I have also probably lost (in the past) close to (if not more than) $800 worth of fish....the biggest loss coming a couple years ago when when I had an fully stocked 125 get completely whipped out (and I'm only 16, and have been keeping cichlids only about 4 years)



TheeMon said:


> makes you wonder whats worse crack or hobbys...


hmmm....in terms of cost....crack may be the way to go :lol: .......but I'd rather keep my fish :lol:


----------



## Toby_H (Apr 15, 2005)

I have under $500 invested in stock...

I have over $5,000 invested in hardware...

Which is why the manufacturers are rich and the breeders are poor...


----------



## Guest (Apr 28, 2008)

Too much! In my 4 tanks, I have easily over $2K worth of fish and I want to buy more fish everytime I go to the LFS.


----------



## cichlidaholic (Dec 7, 2005)

I took fish to the LFS on Saturday (cleaned out the bad boy tank and moved them on), got a $62 store credit, and spent $52 on new fish before I left.
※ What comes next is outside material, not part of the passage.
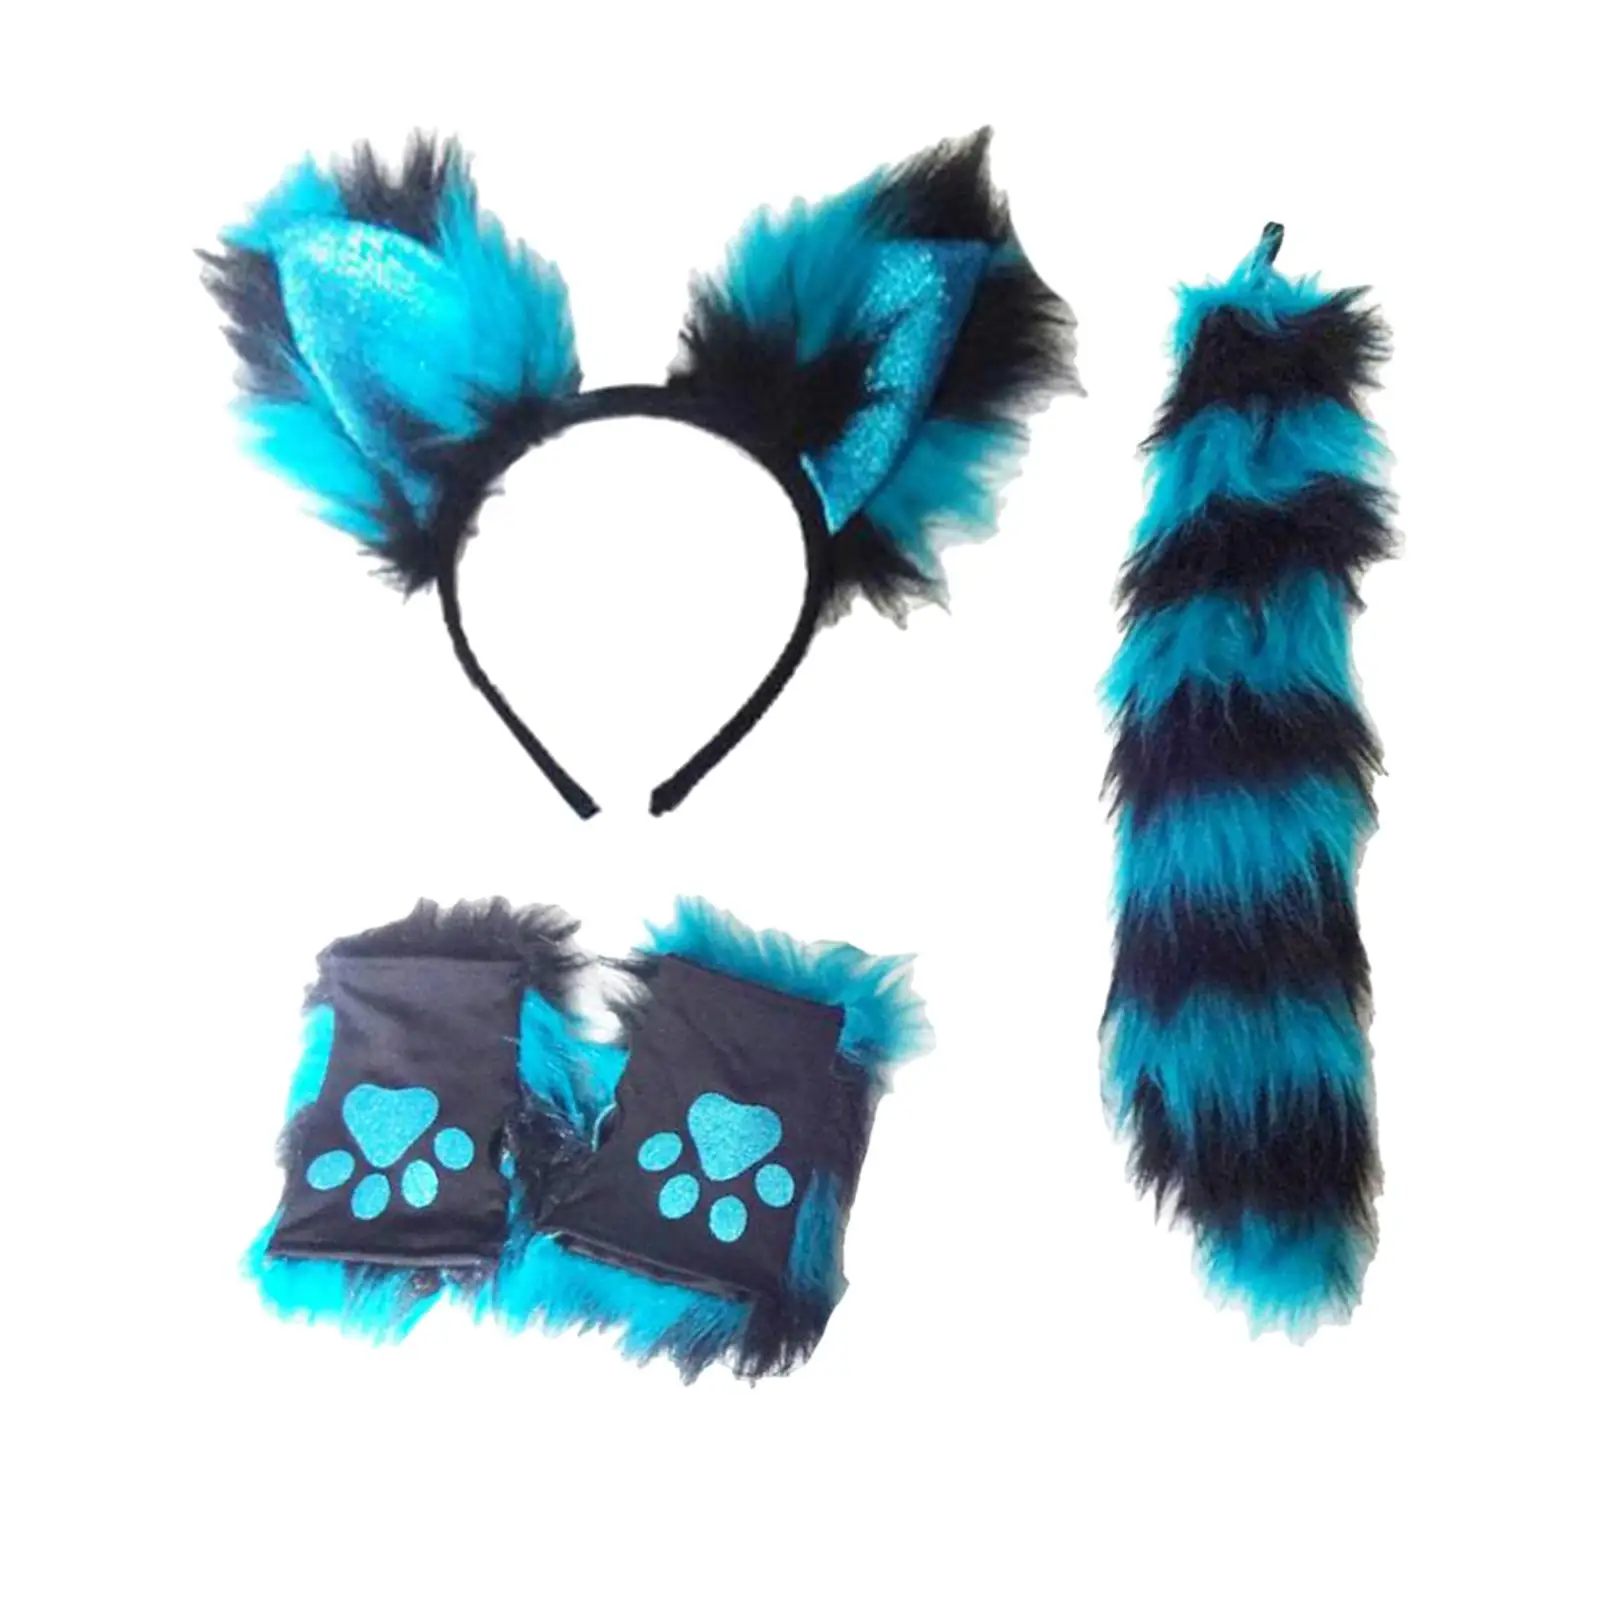 Plush Fox Ears Hair Hoop Costume Cosplay Gloves Tail Set Dress Adult for Kids Adult Halloween Masquerade Role Play Party

That's just wrong.

Kim


----------



## kornphlake (Feb 12, 2004)

I feel like such a cheepskate after reading through this thread. I just bought a house not too long ago and I'm slowly getting all my tanks back up and running. I've got two 10g tanks, one 30g X-tall and one 29g flat back hex setup at the moment. In the last 6 months I've spent about $25 on fish at the pet store to stock the first 10g I set up. I've stocked the other tanks with fish from fish club auctions, the most expensive investment was 6 A. Agasizzi for $7, I think I paid about $7 for 11 endlers, I paid $4 for 3 Corydoras Aneaus, I got some HRPs for free from another club member who wanted to free up the tank they were in for some african cichlids, this month I scored 5 Ameca Splendens for $1. I've spent $44 on fish for 4 tanks, oh add another $6 for the otos that didn't make it so I'm up to $50 on livestock. I've probably spent tiwce that much on plants because for whatever reason the plants seem to fetch more than fish at the auctions.


----------



## Guest (Apr 29, 2008)

Just the fish or all the equipment?

With the fish the last year I may have spent over $1100 (1/3 of that is probably shipping costs) on fish.


----------



## Chrispy (Apr 8, 2006)

I have spent waaaayyyy to much. I really want a 40g long now to set up a heavy planted tank...the LFS has some beautiful german rams that need a good home!!


----------



## igetbombed1977 (Feb 5, 2007)

Easily over $1000 spent, but that's with 6 tanks running. But selling off fry to club members and LFS's have made me back proably 2/3 of my $$$$


----------



## betz1106 (Jun 10, 2008)

like others i feel bad, only spent about 100 or so

but about 5 or 6 years ago i had a whole african juvie tank go down at that was around $400.

hence why i had a 5 or 6 year hiatus on the fish hobby......the wife almost killed me


----------



## chapman76 (Jun 30, 2004)

I really have no clue. I'm probably ahead if you strictly count the value of fish I've brought in compared to the fish that I've sold (lots and lots and lots of fry). Most of what I do is I have a group of X and I've had for a few years and I want a change. Post an ad and do a trade for a group of fish Y. Repeat every few years.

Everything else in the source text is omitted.